Is there such a condition? Or word to describe it? I want to write a character that is able to have such a memory, but in the researching I've done, I haven't found descriptions that fit what I am looking for. There is some useful information here: https://en.wikipedia.org/wiki/Exceptional_memory But these all seem to be for specific areas of memory, and I want my character to be someone who just has a great memory for practical things. For example, building a structure, the most productive way to farm, how to build weapons, etc (those are just examples I'm pulling out of my head) Or am I over-thinking this? Do I just have a character that has an exceptional memory?
I can't think of any single words that'd encapsulate that trait. How about 'a colossus of practicality' ?
i like the sound of that. i want my character's talent to be of a practical nature. most of what i have researched have been people who memorize books, music etc. my character is to provide a service, so that's where the practical part comes in. i think both of these suggestions are good, and either one works, i guess it just depends on how to write the ability into the story.
Elephantine is often used , based on the idea that elephants never forget - though that does depend on your story being set in a culture which has encountered or at least heard of heffalumps
Some people like mentalists have sophistocated mnemonic devices to allows them to remember so much. Thats usually training, but they can also recite books. Then you have truly eidetic memories. John von Neumann was said to be able to recite every word to every book he ever read. Memory seems to not be required for brilliance though. Isaac Newton was said to forget everything he didn't write down.
'Overactive cortex..?' I got this one when I was seven, or something, febrile convulsions. Transliterated to mean - for every single one of your mere human thoughts passed in a single second, the genius patient, he has a dozen, you dummo..
I'm late to the party here, and it's not very pretty, but the first word that came to mind for me is: Encyclopedic.
Consider coining your own word for it, possibly a portmanteau. "Fred has an exceptional memory for doing, but for little else. Lyrics he only remembered if they encoded an algorithm, poetry only if it provided a rule of thumb. And for trivia, it passed in one ear and out the other without a single disturbance of the gray matter in between. But give him a manual, and he'd remember the miss-drawn figure on page 46 and how it should have been. Give him a blueprint, and he could draw you an exact reproduction ten years later. Let him mill a part once, and he could produce it on request, if you had the means and the material to do so. His friends said he had a 'pragdmetic" memory, he just said it was a useful one." Here, I offer a portmanteau of "pragmatic" and "eidetic," take it and anything else I wrote in this post if you like it. It may be a little presumptuous and a bit of a conceit for me to do so, but I release this post into the public domain.
I recently listened to a podcast wherein eidetic memory was explored and a couple people who have it to the extreme were interviewed. These people were never able to forget anything that happened to them - not a thing. Not numbers, not faces, not events, nothing was ever forgotten. It was a pretty unpleasant way to live because they could never forgive wrongdoings love ones had done to them. The hurt was still as fresh as if it had just happened. The man they interviewed works in Hollywood now as a film continuity expert. He advises to make sure everything is shot and edited without something funky amiss - like a book that was in one shot suddenly not being in another. He makes a lot of money from his memory. But he admits he isn't strictly "happy." I think you could call it eidetic memory and not take it to this extreme, since it seems to be a bit of a spectrum rather than a fixed framework of what is or is not remembered.
If you must have an adjective, I would call him observant and his memory capacious.

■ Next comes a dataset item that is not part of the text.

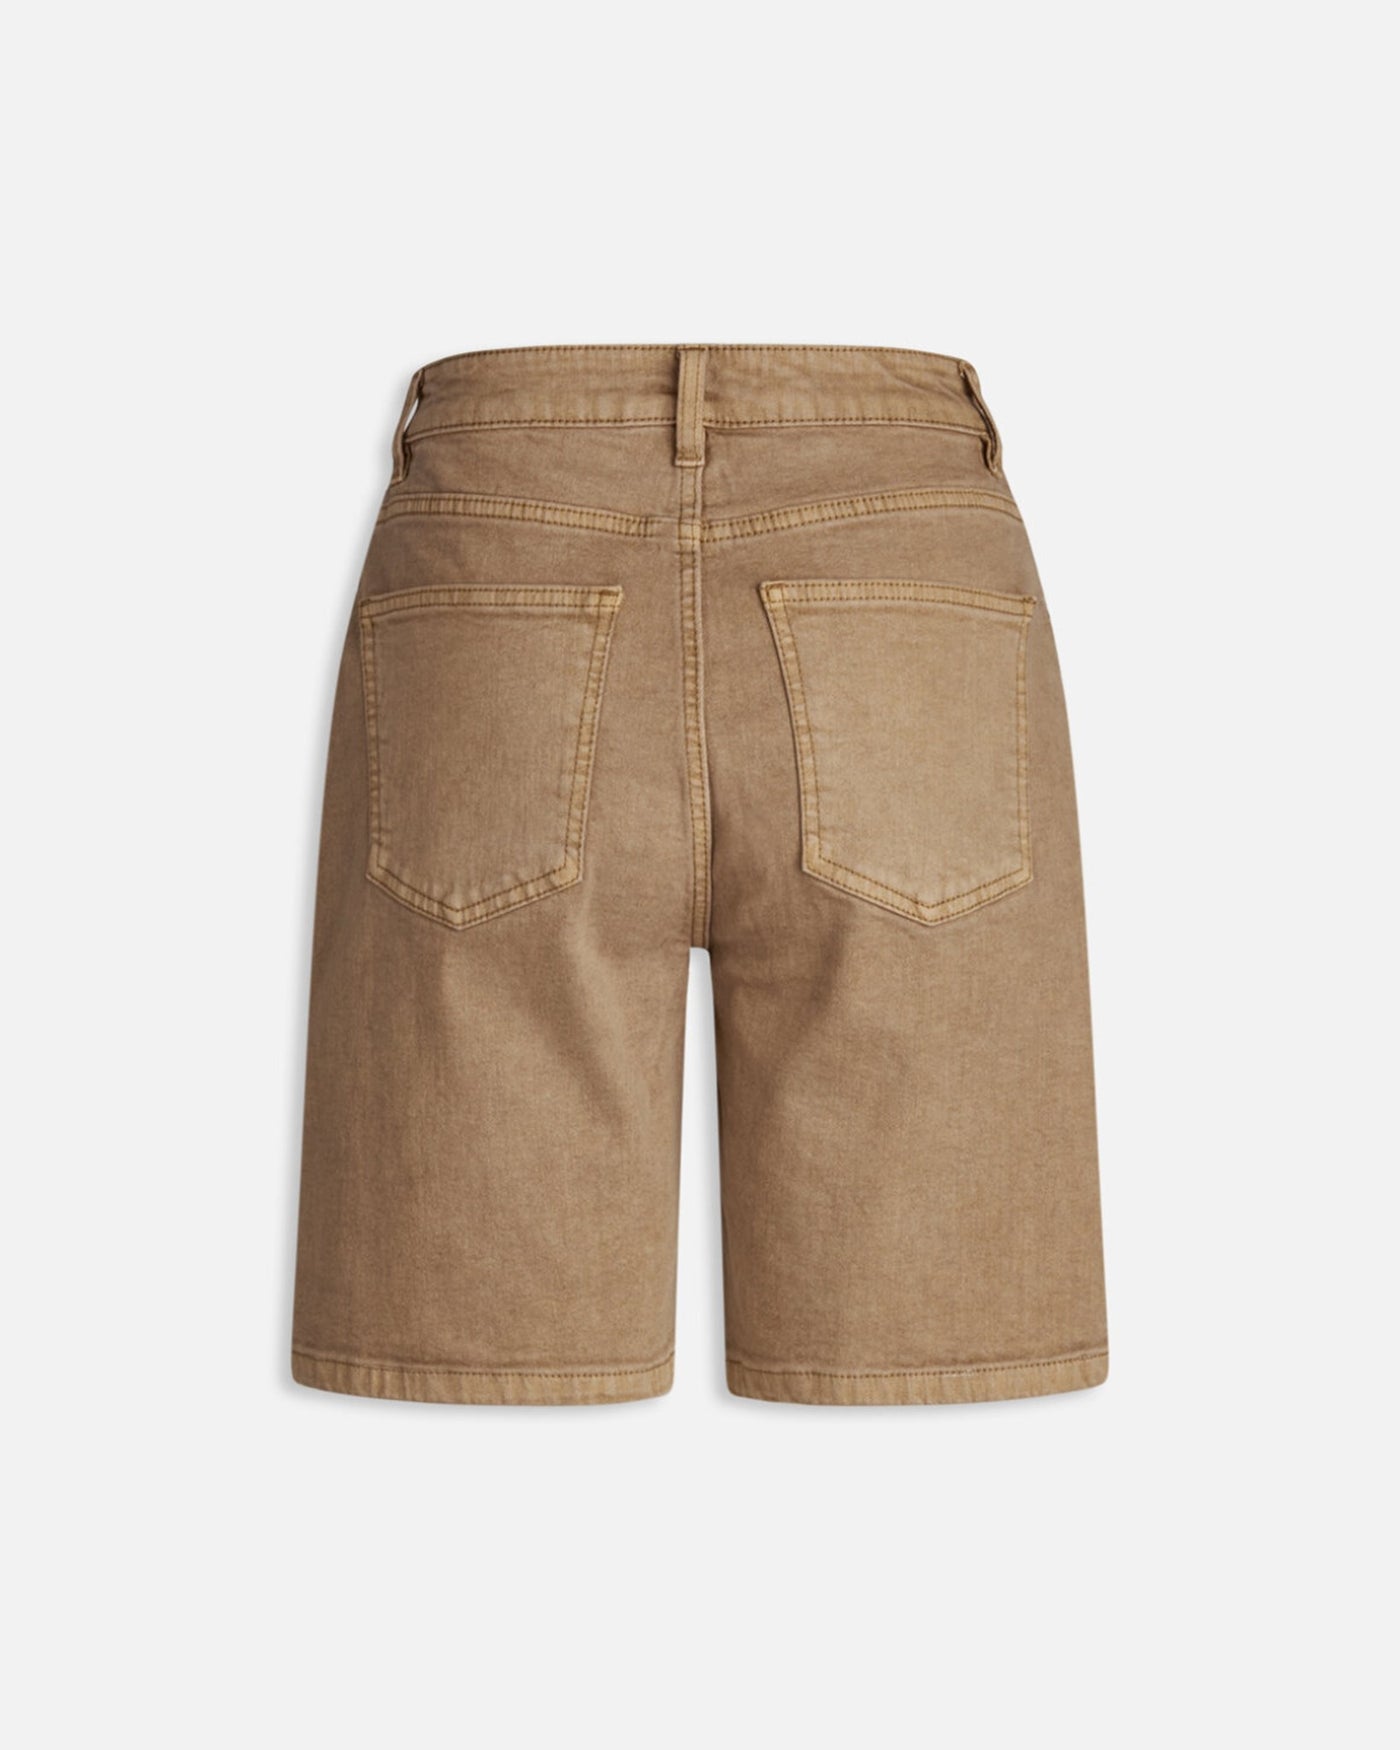 Owi Shorts - Sand - Sisters Point - Sand/Beige 6

But I would far rather show his extraordinary recall in the context of the story.
A common term for something similar is "jack of all trades." Usually that is followed by "master of none" but in your case that would not apply. MacGyver is another in the same ball park idea but not really too close I suspect.

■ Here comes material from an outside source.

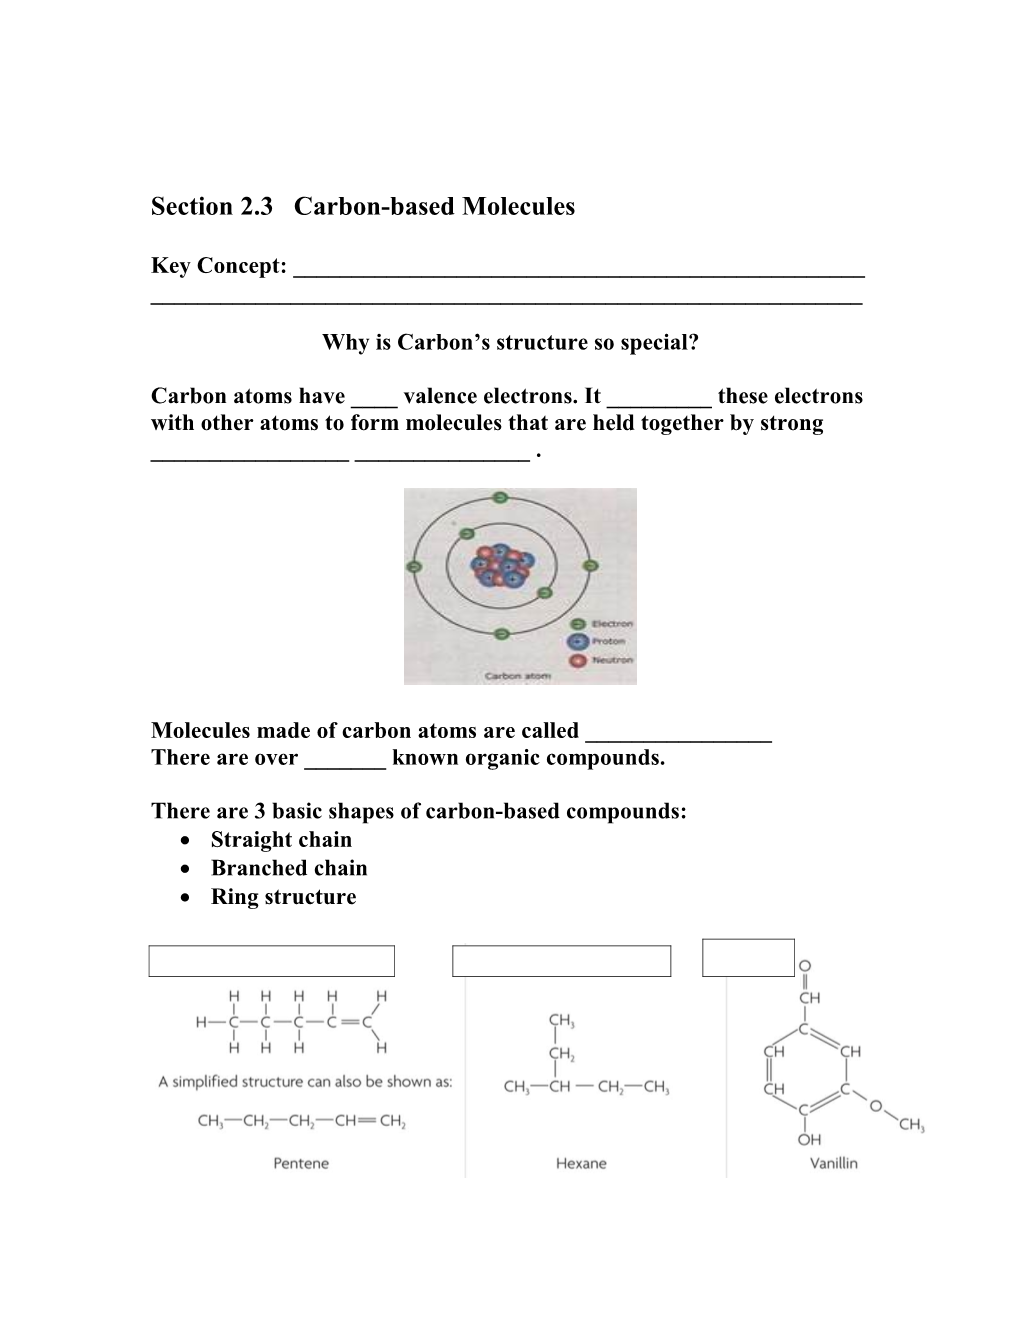 Section 2.3 Carbon-Based Molecules

The one that immediately jumped to mind was a 'photographic memory,' which implies the person can remember details, not just general impressions. However, if the context of your story isn't modern, 'photographs' might not made any sense. You might want to read some biographical details of the author James Michener. Apparently he was able to absorb and remember a huge amount of detail just by thumbing through books of stuff like political history, scientific theory, etc. His brain was an amazing research tool, in that respect.